As per the above text, the password did start with “ebq”. So, we will try to find files that has a word starting with the former.
grep -iRl "ebq"
less Ulpsmt
ebqattle
Question 4 – Find the SSH password of the user James. What is the password?
We will start with decrypting the sql backup password, we have found earlier.

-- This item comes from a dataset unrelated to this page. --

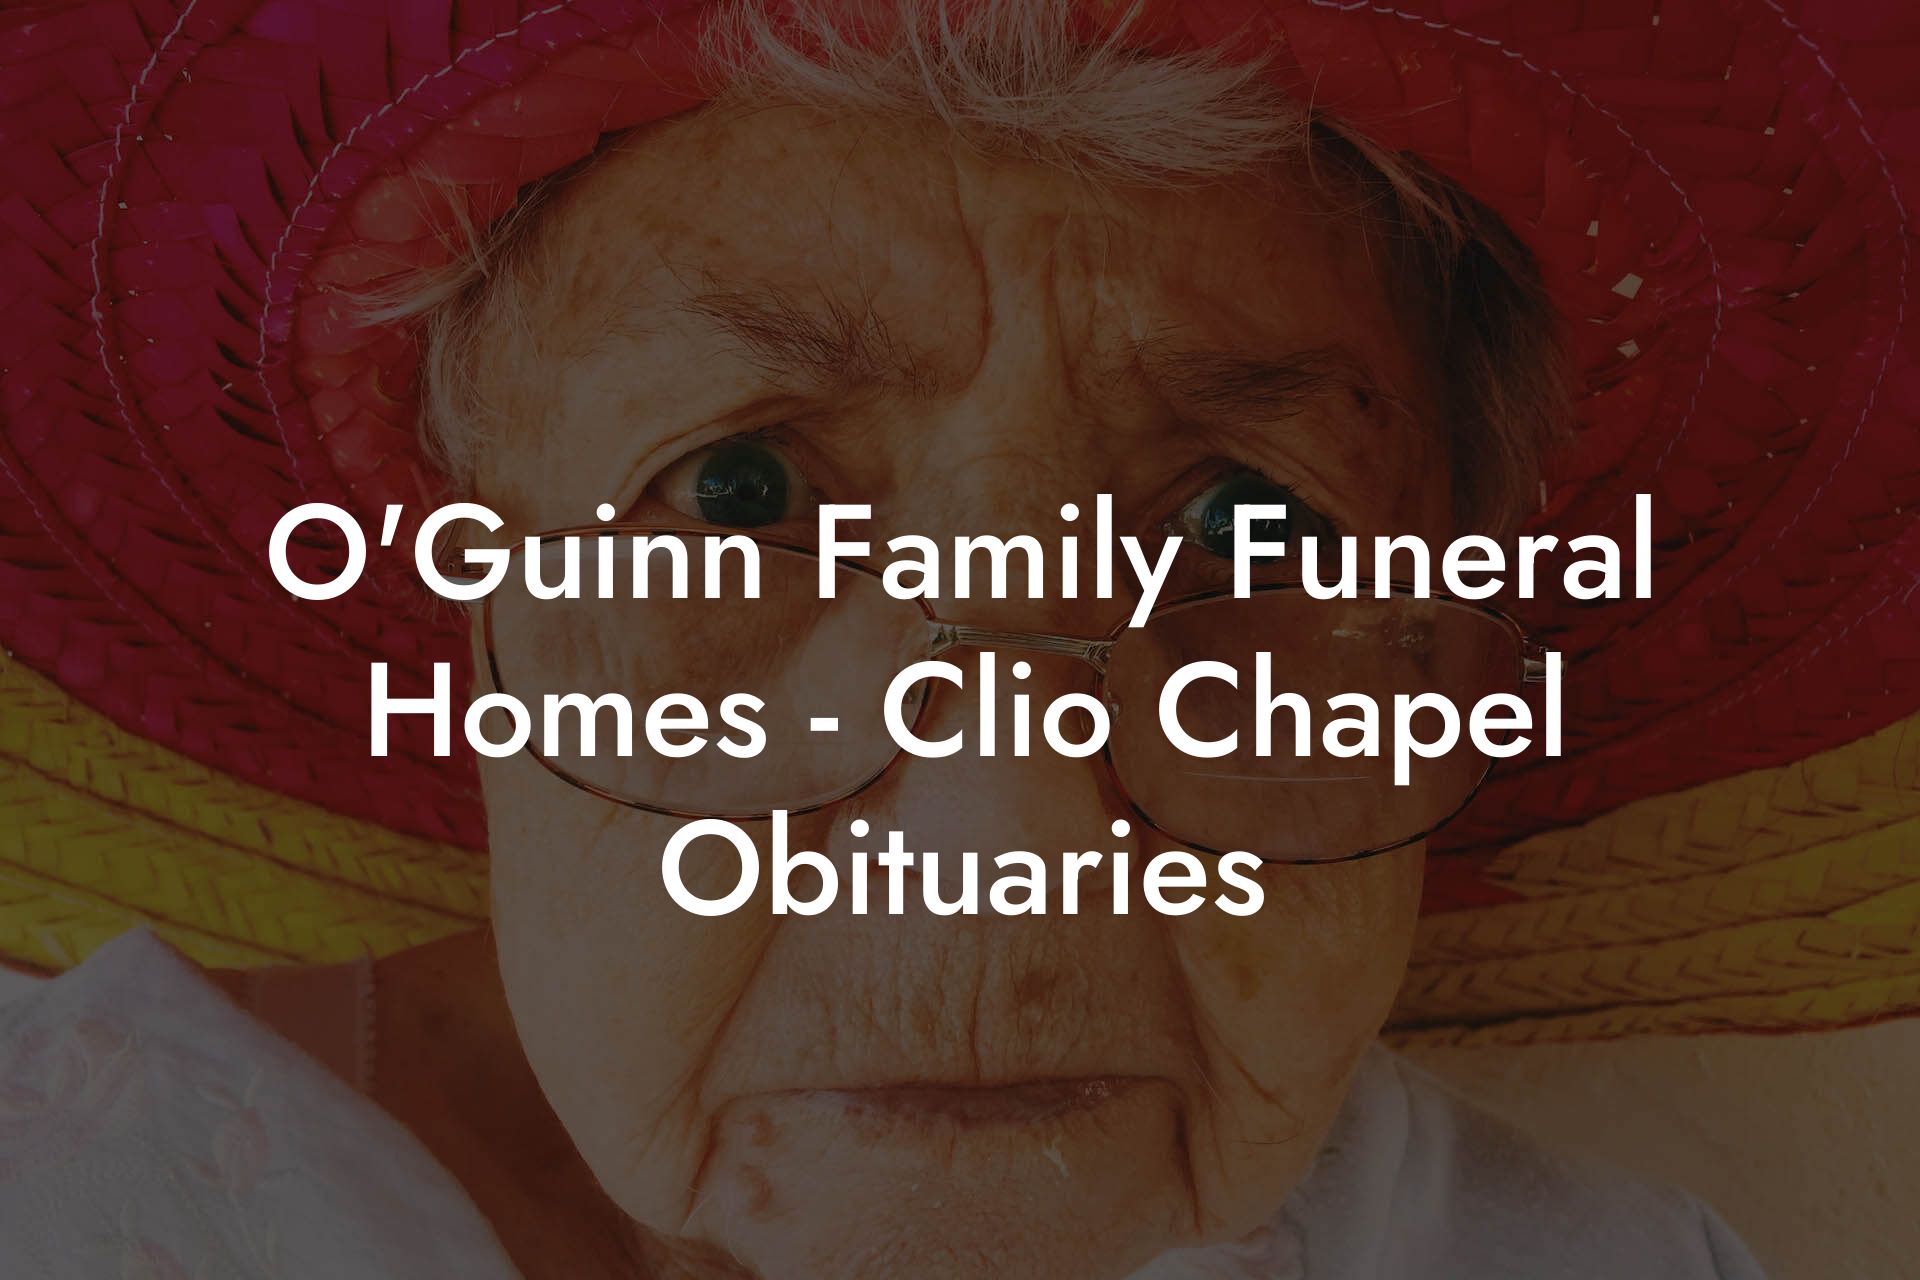 O'Guinn Family Funeral Homes - Clio Chapel Obituaries

gpg 2020-08-13.zip.gpg unzip 2020-08-13.zip
mysql -u sameer -p
Password to login in the Mysql database – password
source employees.sql show databases; use employees; show tables;
select * from employees where first_name like "james";
vuimaxcullings
Question 5 – SSH as james and change the user to root?
Done
sudo su
Question 6 – What is the root flag?
Flag{6$8$hyJSJ3KDJ3881}
Conclusion:
So, that was it. We conquered this room as well. Summarizing the above room, we first start with finding files using the “find” command and then slowly navigates into the system. Further, we have a introduction on the topics of hashes. Moving ahead, we identify and crack the hashes. Along with that, we wet our feet in some base64 decoding followed by the encryption and decryption of some gpg files. Next, we learned how we can read the sql databases using the command line. Finally, we completed the room with a final challenge, which test our skills on all the above mentioned topics. On that note, i will bid a goodbye but remember always to “Hack the Planet”.